No problem.  Reply when you are back and will take it up then.

Title: Desktop Frozen
Post by: guestolo on September 14, 2012, 10:57:09 AM

Do you have an empty USB flashdrive? We can still try and get Seatools for Dos to run from it
Format the flashdrive to fat32 aheand of time... Insert the drive into computer
Go to START>>Computer.. right click your thumbdrive and choose the format>quick option

Put Seatools for Dos on usb drive: Here are the instructions:
http://techno-jack.blogspot.ca/2011/09/how-to-create-bootable-usb-disk-for.html

NOTE: on step 1 it gives a download link to Seatool Bootable disk
DON'T use that download link, instead, use your download of Seatools for Dos .iso file
or redownload from here
http://www.seagate.com/support/downloads/seatools/

you will need a tool to extract the .iso file
If you don't have one, use 7zip
here's a link
http://www.7-zip.org/download.html
download the .exe file and install it
Extract Seagate tools .iso file to it's own folder on desktop by right clicking it
Choose 7zip >> Extract to SeatoolsDosAll.......

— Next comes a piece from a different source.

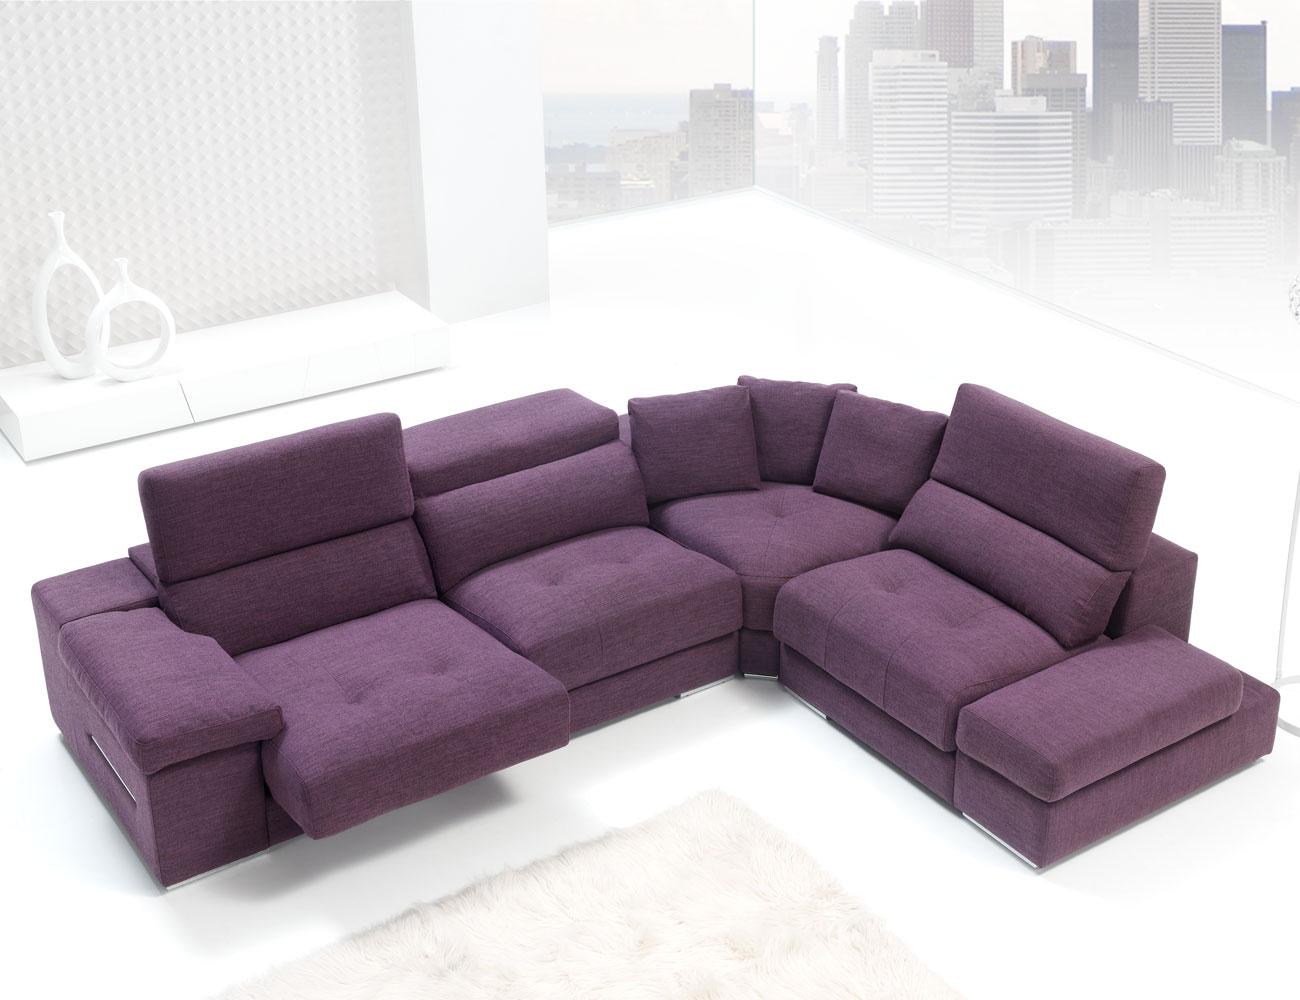 Sofa chaiselongue rincon con brazo mecanico tejido anti manchas 265

A tool to help create a bootable usb
Nothing to install: But download win32diskimager (http://"https://launchpad.net/win32-image-writer/0.6/0.6/+download/win32diskimager-binary.zip")
Again, extract to it's own folder
In step 3 it ask to look for Seatools.img file
You may not see that file, so when browsing for it in the SeatoolsDos23all folder, if you don't see Seatools.img
Change the save as type from *.img*,IMG file >>>> and choose just  *.*
Then select the seatools.ima file
After successfully creating the bootable usb

Next: Ensure your computer is set to boot from USB flash drive or USB-HDD
Here's some info:
http://saveme.danfischbach.com/usbbios

Also, while your in the bios. Can you ensure that IDE controllers are enabled.. Just double checking to see
if that is why you can't boot to CD/DVD or use it

Title: Desktop Frozen
Post by: indfin on September 17, 2012, 07:52:49 PM

Hi and thank you for your reply.  I will be back at my desk on Wednesday and run what you asked me to at that time.  Thanks again.

Title: Desktop Frozen
Post by: indfin on September 30, 2012, 04:11:40 PM

Sorry for not getting back for so many days.  As you may have well guessed, my computer just died.  

I put the hard drive from this computer into the new one, but it does not even show up.  In any event, I had backed up all my data just in the nick of time and am up and running with a new machine.  Thank you for all your time and effort.  Truly appreciate it.